Anita, la betunera peruana que se radicó en Ibarra

Aprendió a ignorar a los transeúntes que, en ocasiones, critican su trabajo o incluso se burlan de ella. Ella se gana la vida con este oficio. Foto: Eduardo Ortega
Aprendió a ignorar a los transeúntes que, en ocasiones, critican su trabajo o incluso se burlan de ella. Ella se gana la vida con este oficio. Foto: Eduardo Ortega
23 de agosto de 2015 - 00:00 - Eduardo Ortega

La presencia de la betunera que todas las mañanas se sienta detrás de su caja de lustrar resulta familiar para quienes recorren esta zona, próxima al mercado Amazonas.

Para guardar su anonimato, la llamaré Anita. “Tus zapatos hablan por ti”, es el lema con el que consigue nuevos clientes y conserva a los de toda la vida. Lo extraño es que esta mujer, de mediana estatura y espalda encorvada que a diario se dedica a embetunar el calzado, limpiarlo y darle lustre, tiene los zapatos remendados por doquier y cubiertos de polvo, como si jamás hubiese pasado un cepillo sobre ellos. Vive en Azaya, en Ibarra.

Asegura ser la fundadora de este barrio. Llegó a Ibarra con apenas un año de edad, en 1953. Nació en Chiclayo (Perú), el 15 de agosto de 1952 y, aunque no niega sus orígenes, sabe que es más ecuatoriana e ibarreña que peruana.

Desde que tenía  25 años, decidió dedicarse a sacar el brillo a los zapatos a los oficinistas del Municipio a las afueras de esta institución, porque quería estar más cerca del centro histórico de la ciudad.
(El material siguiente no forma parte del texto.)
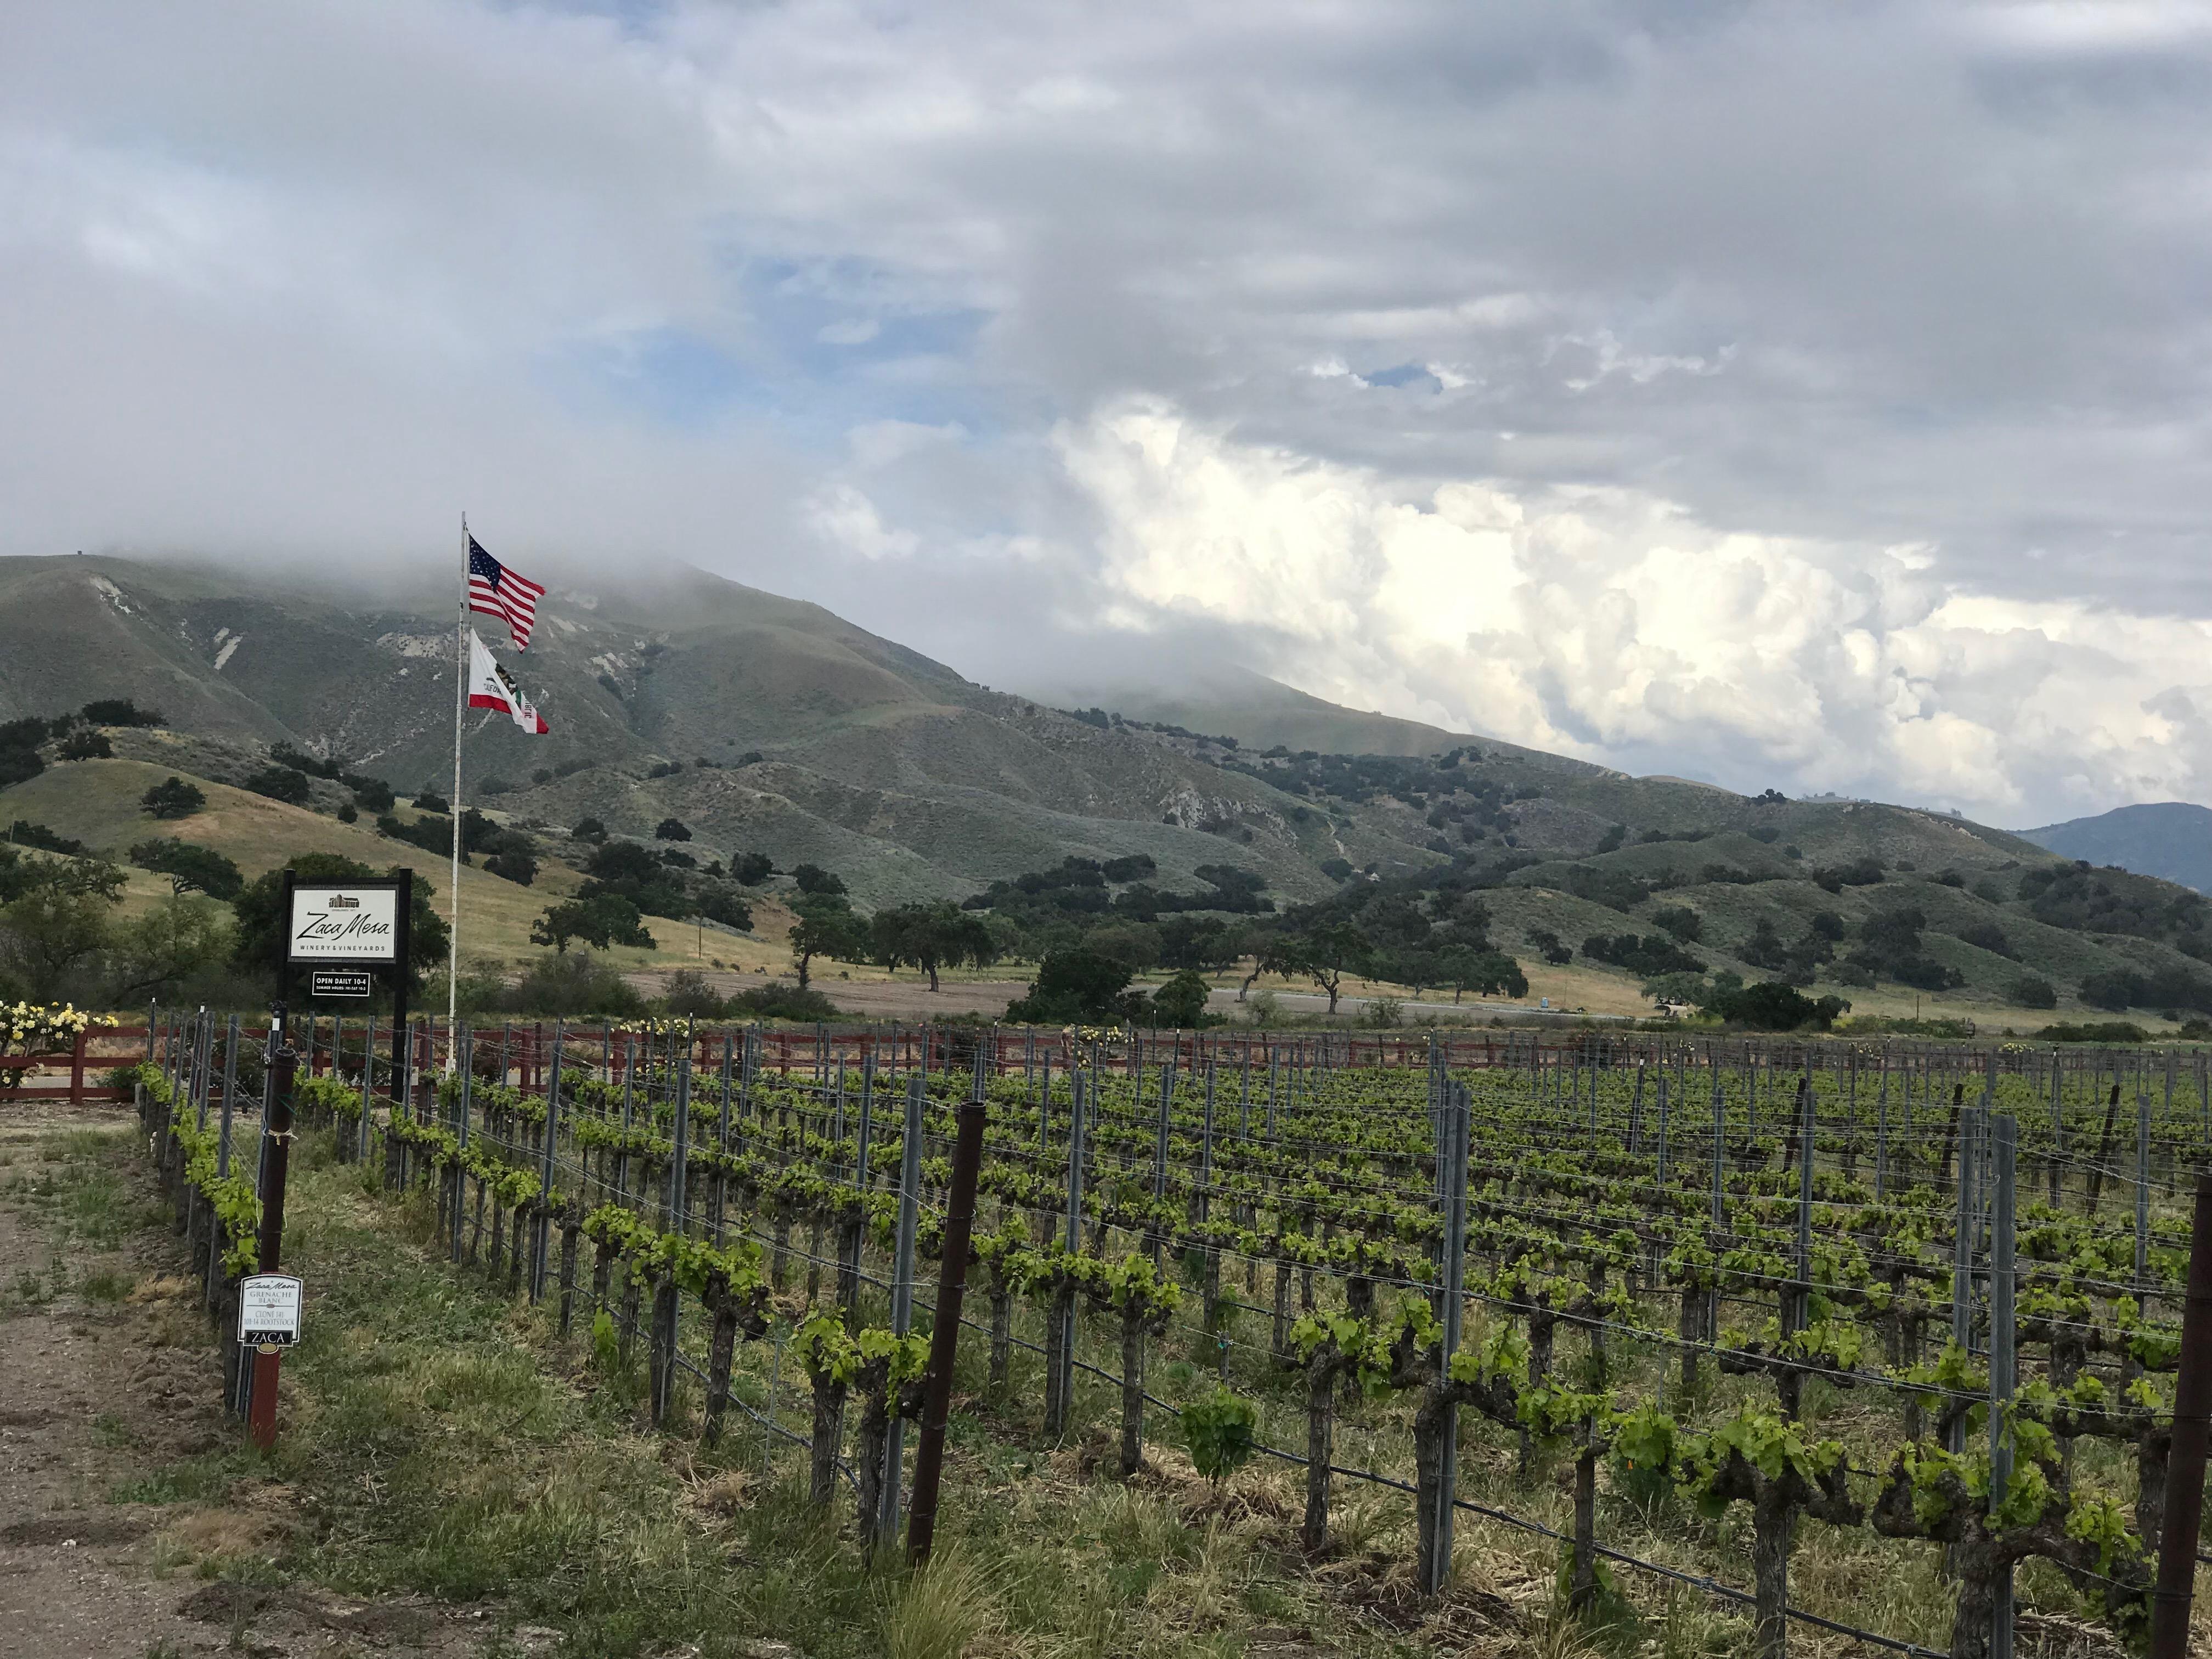 ◆終了◆ 2019.08.31   南カリフォルニアワインを楽しむ会 第11回 【サンタバーバラ】

Esta mujer decide tomar un respiro para dejar el betún de lado y tomar en sus manos el trapo rojo con el que saca brillo. Luego bromea con toda la seriedad de su ser “nunca he pertenecido al mundo de los cuerdos y me niego a pertenecer a él”.

Pasa sus dedos sobre su frente mientras se ensucia sin darse cuenta que quedan marcados.

Al mirarla, rápidamente pasa un trapo limpio para quitar la mancha. “Soy una ciudadana común y corriente, pero muy poco común y muy poco corriente”, dice mientras recuerda que lo último que aprendió fue ignorar a la ciudadanía que solo critica, porque asegura que ella vive y come gracias a la gente pero no recibe nada por voluntad.

Cuando está libre, se sienta al lado de su caja y lee una Biblia que cabe en la palma de sus manos. Al cabo de unos minutos, con el mismo trapito rojo en el aire, saca el brillo al calzado de los nuevos clientes que llegan a la zona. Lo hace con la misma destreza de quien domina el oficio desde la niñez. (I)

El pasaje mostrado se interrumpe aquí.